Experiment 4 wave(2)

Purpose:




the purpose of this lab is to analyze the element of wave, such as wavelength, frequency, wave speed, tension, and period. and figure out what is the relationship among then. how does these element affect the wave.


Experiment Equipment:


Pasco Variable Fequency Wave Driver with string, Pasco Student function generator, counterweight, pulley, digital multimeter, 1 or 2 meter stick, short rod.



Experiment Data:


we measure the length of the string: 1.53 m, the weight of the string is 1.8 g = 0.0018 kg.

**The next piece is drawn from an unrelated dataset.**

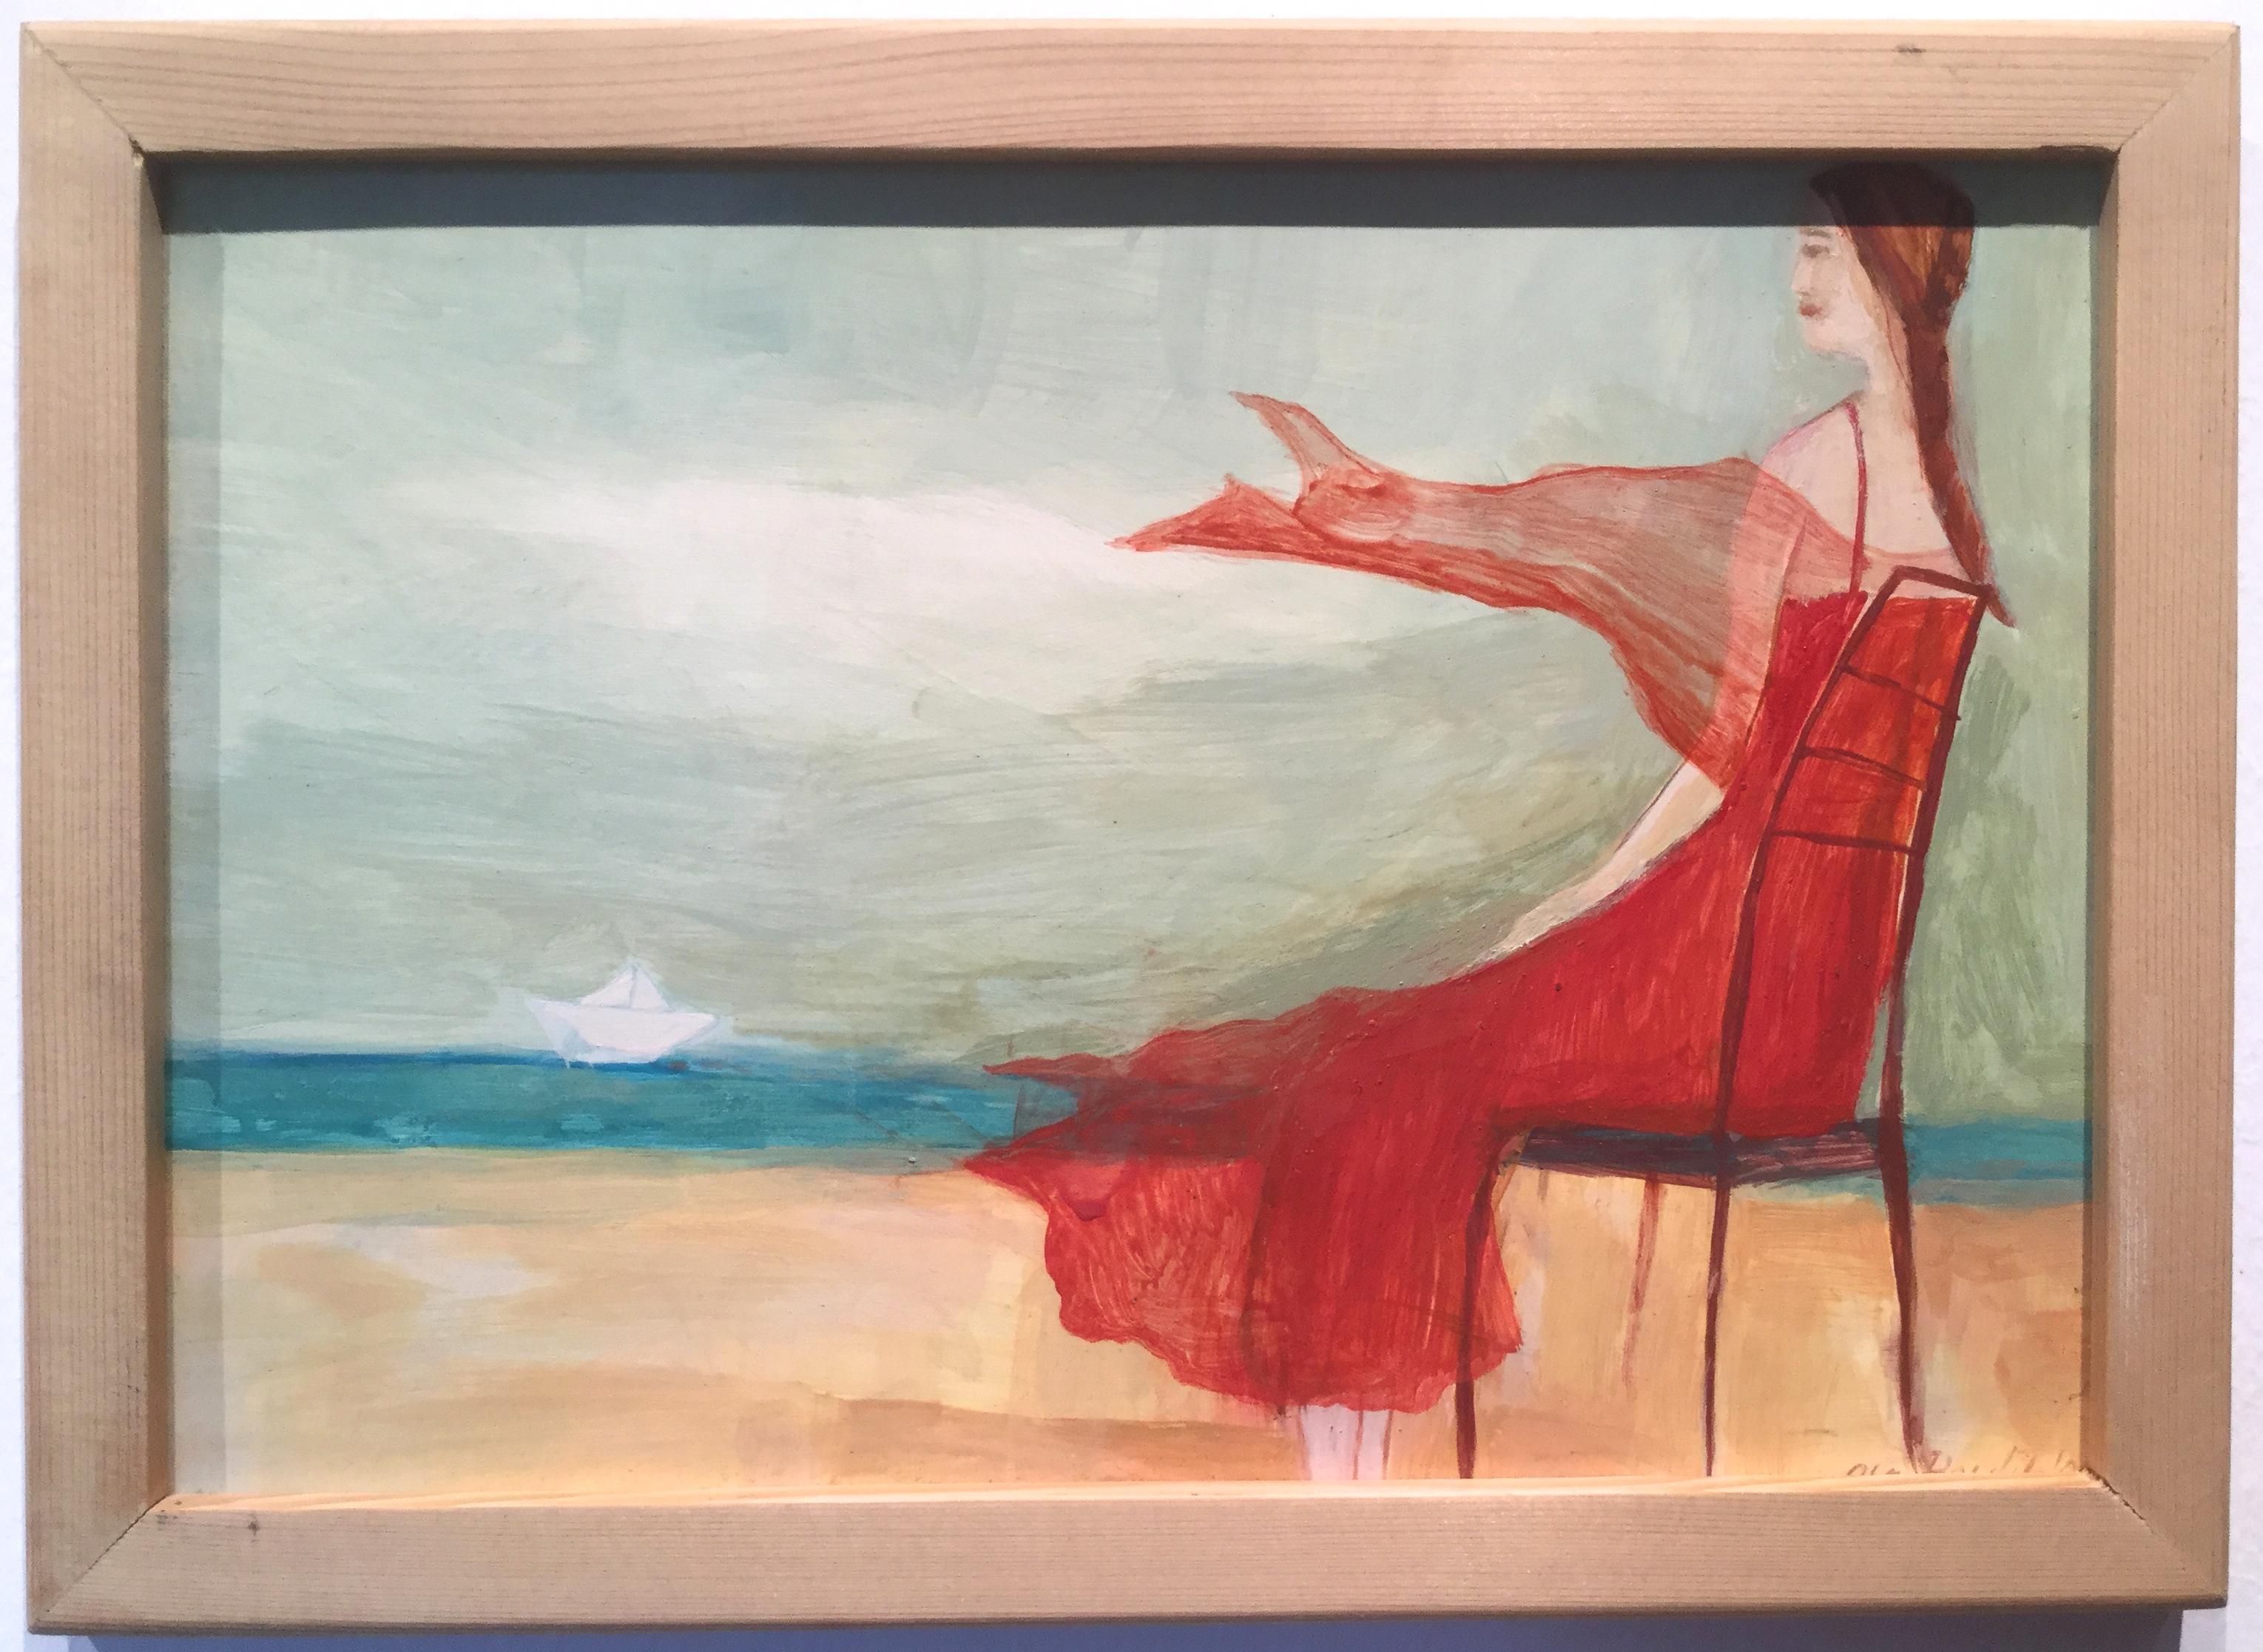 Girl In Red Dress Looks At The Sea - Graceful Illustrative Romantic Painting

so we get the linear density of the string u = 0.0018kg / 1.53 m = 0.00117 kg/m


then the experiment divide into two part in different tension



we use counterweight is 300 g = 0.3 kg, T1 = 0.3 * 9.8 = 2.95 N

Tension 1 = 2.95N

Tray	Wavelength /m	Frequency /Hz	Distance between the node/m
1	3.06	13.6	1.53
2	1.60	27.0	0.80
3	1.04	40.7	0.52
4	0.74	56.1	0.37
5	0.71	69.3	0.31
6	0.52	81.3	0.26
7	0.43	99.4	0.22

speed of wave v = sqrt( T/u ) = sqrt( 2.95 / 0.00117 ) = 50.02 m/s.

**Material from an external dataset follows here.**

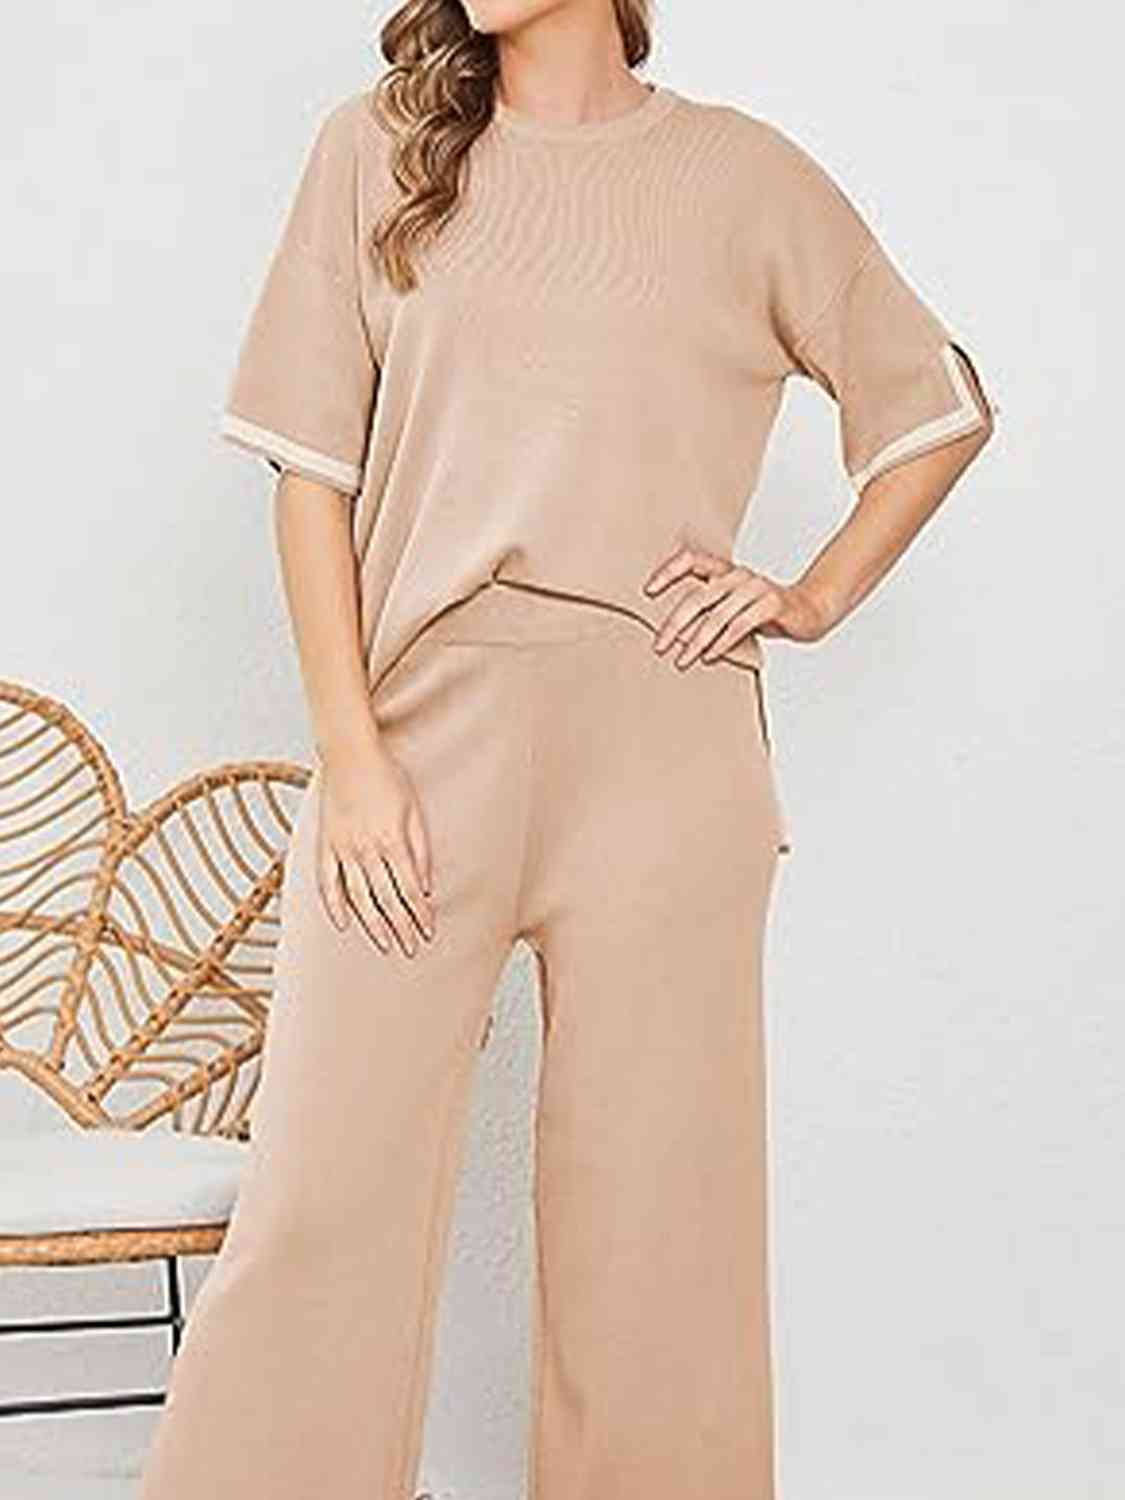 Women's Contrast High-Low Sweater and Knit Pants Set

then we plot the frequency of the wave versus 1/wavelength in excel to get a graph:

the slope of the graph is 43.01 which very close to the speed of the wave v = 50.02 m/s.

for the second part of the experiment, we reduce the tension, we use 200 g = 0.2 kg, tension = 0.2 * 9.8 = 1.97 N

Tension 2 = 1.97 N

Tray	Wavelength /m	Frequency /Hz	Distance between the node/m
1	3.06	16.8	1.53
2	1.56	33.8	0.76
3	1.00	51.0	0.50
4	0.74	67.2	0.37
5	0.60	85.8	0.30
6	0.49	103.6	0.25
7	0.45	120.6	0.22

from equation wave speed v = sqrt( T / u ) = sqrt( 2.97 / 0.00117 ) = 50.38 m/s

we plot the frequency ofthe wave versus 1/wavelength to get a graph:

we get the slope is 52.043 which is very close to the wave speed we get from equation above.

ratios of wave speeds for case 1 compared to 2(experiment wave speeds) = 43.01/52.04 = 0.83.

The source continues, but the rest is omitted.